Worth the hype: are Dior Air Jordan the most sought after by trainers of all time? | Mode


Two months, it has been publicized in the media to theorize that the desire of the customer to the extravagance of fashion could never recover from the pandemic. But two months is a long time in fashion, and this week sees the film should have made its grand return in style. On July 1st, in line, a random draw will decide the lucky few who have earned the privilege to spend £1,800 on the new Air Dior trainers. Even by hype standards of the sneakerhead world, the buzz around the luxury to take on basketball’s most iconic hi-top is the rupture of pre-pandemic decibels records.The next week, “pop-up” Selfridges “collection point” for the first Air Jordan 1 OG Dior sneakers will be the first luxury iteration of the click-and-collect retail mode, part of our non-contact normal. The hands-on elements of the pop-up window had to be set aside to comply with social distancing and disinfection guidelines, but for 13 days only – Selfridges aims to provide an experience element of the process of picking up a pair of pre-purchased trainers. The measure, an architectural experience “based on the concept of the air” features glass walls that cloud of “smoke” to reveal the Air Dior logo, and a real-time countdown showing the number of pairs are still to be collected.
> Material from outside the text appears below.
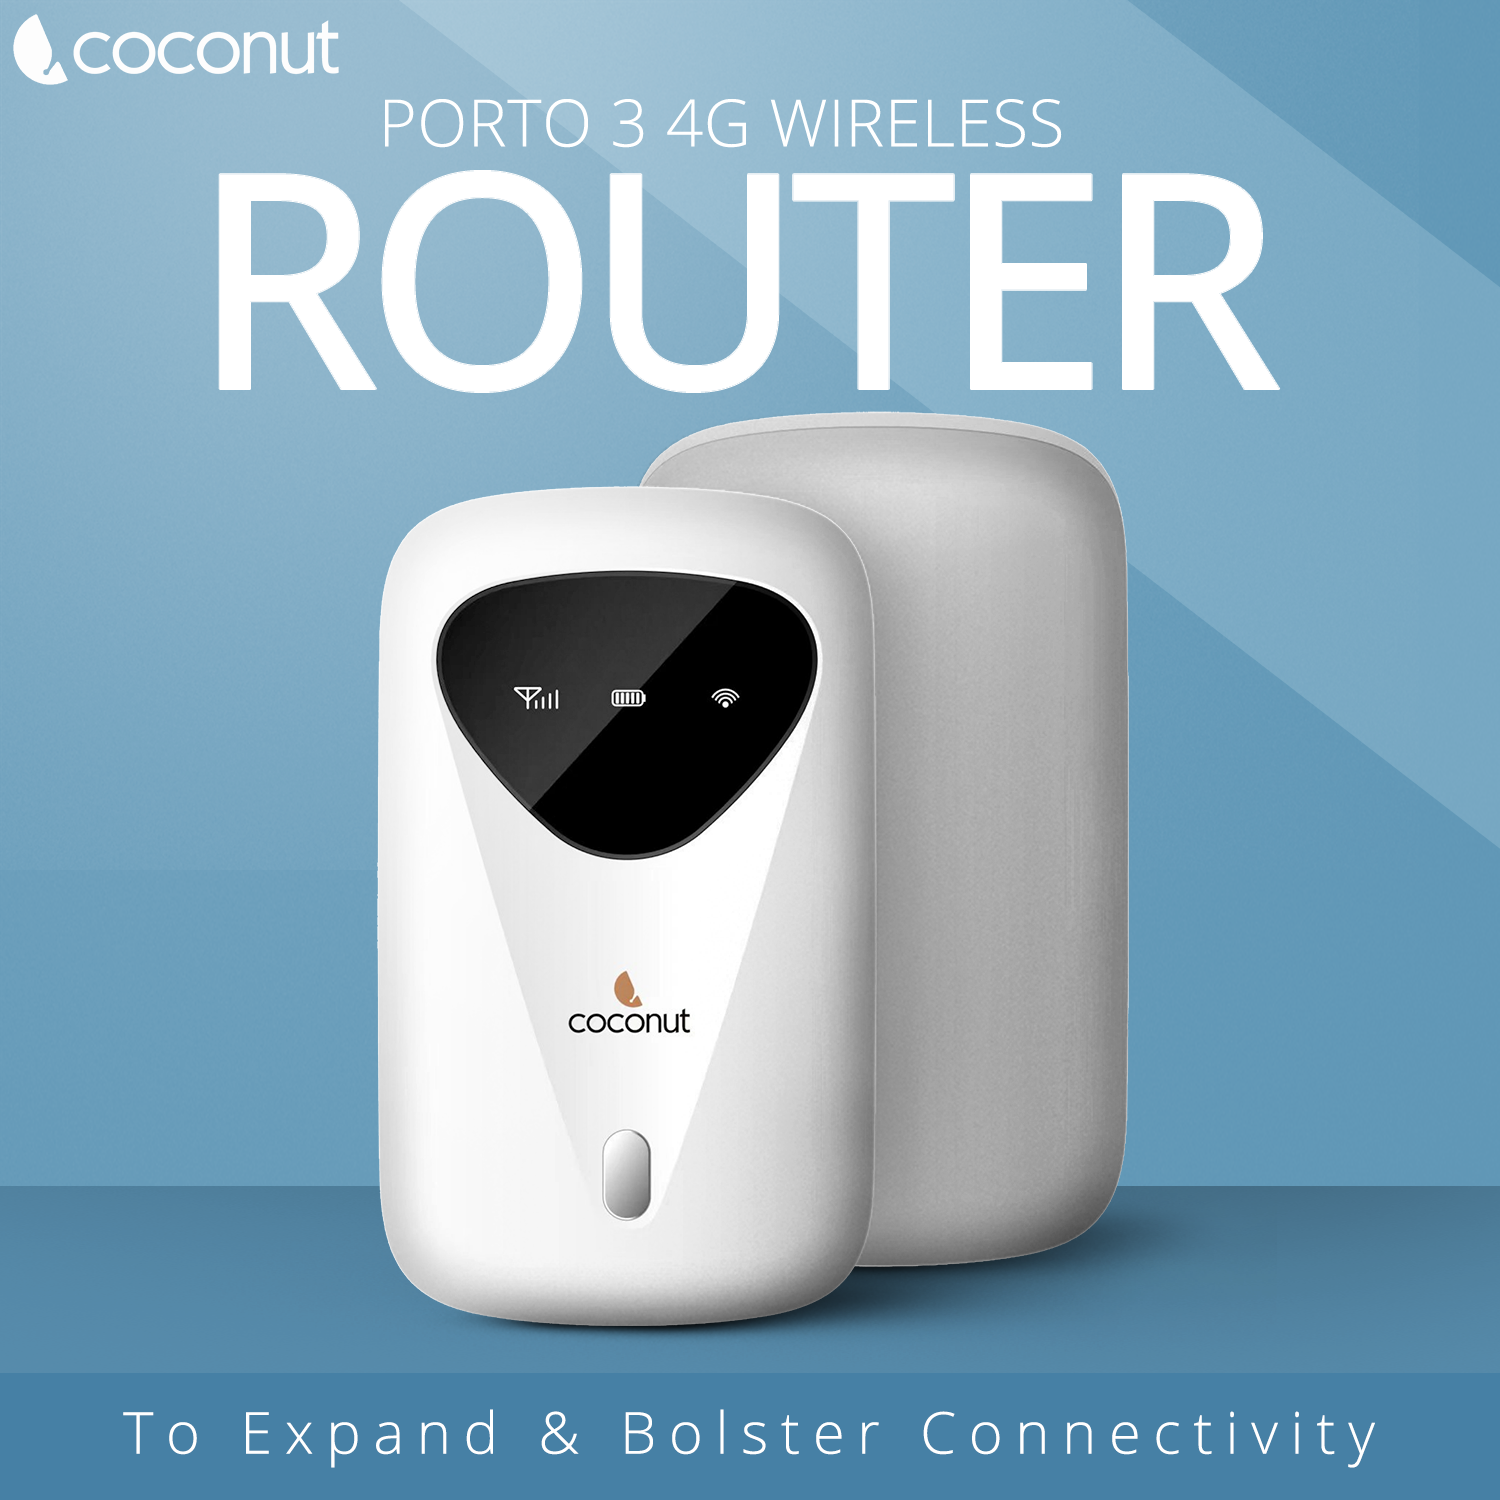 Porto 3 4G Wireless Router, Built In 2700mAh Battery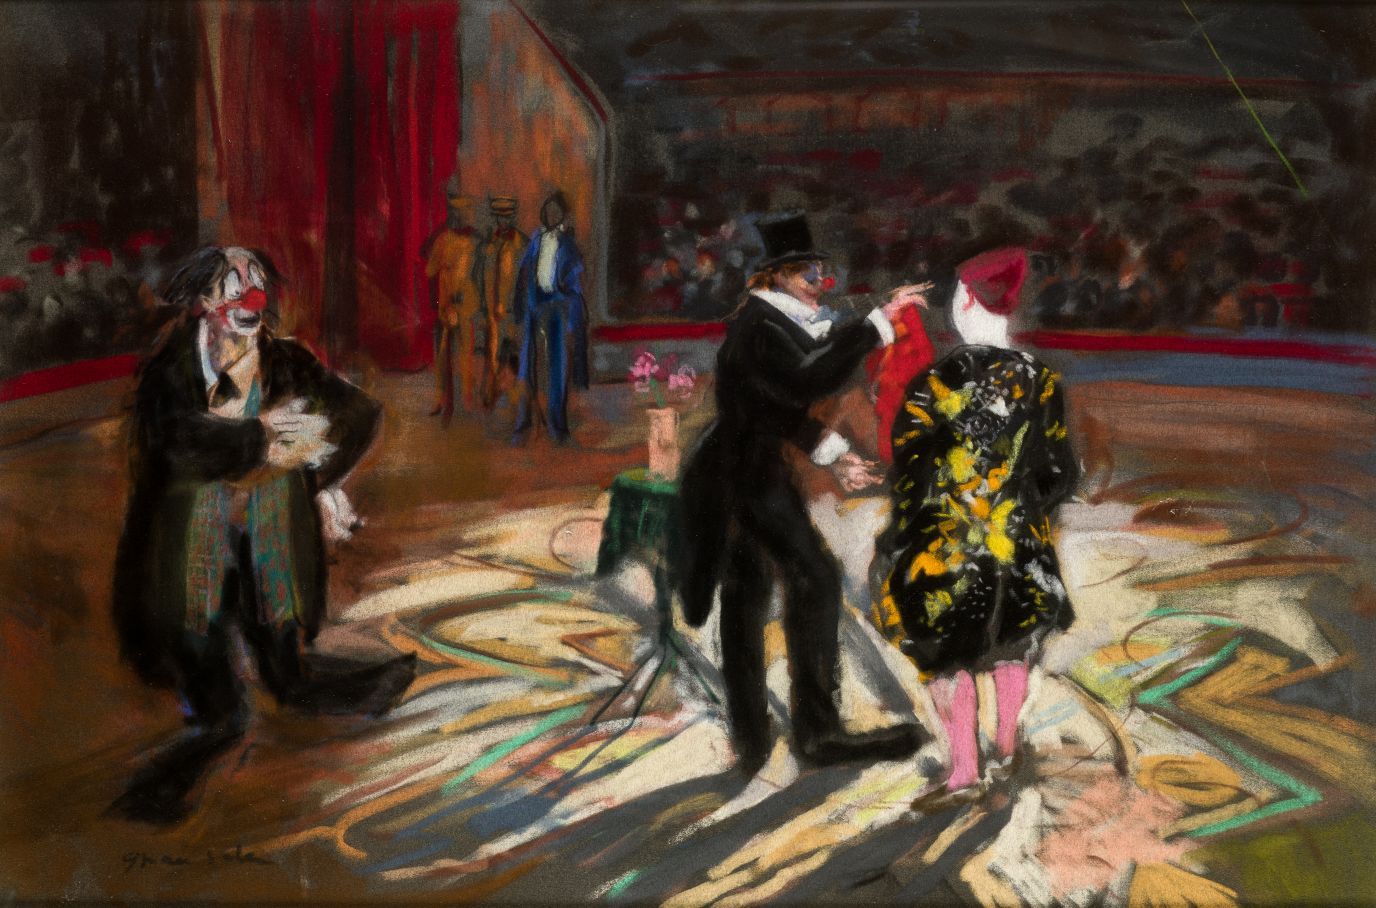 EMILIO GRAU SALA (1911 / 1975) "The circus" 左下角有签名 天鹅绒画布上的粉笔画 54 x 81 cm

Brand obsessive … christian Dior’s menswear designer, Kim Jones, in a pair of Air Diors. Photo: Brett Lloyd

The Air Jordan is the cornerstone of the history of the basketball. This was the first trainer to become a part of pop culture, a happy meeting between the bouncy Air sole technology Nike has developed in the early 1980s and the gravity-defying magic of Michael Jordan on the basketball court. The Air of the house of Dior, that switches sportswear primary colors for a soft “Wolf Grey” borrowed from the Christian Dior headquarters on the Avenue Montaigne in Paris and overlays of the Nike swoosh with Dior’s distinctive “slant” logo, is the first luxury link-up of the Air Jordan’s 35-year history. For the two bluechip lines of sportswear and luxury, it is a royal wedding.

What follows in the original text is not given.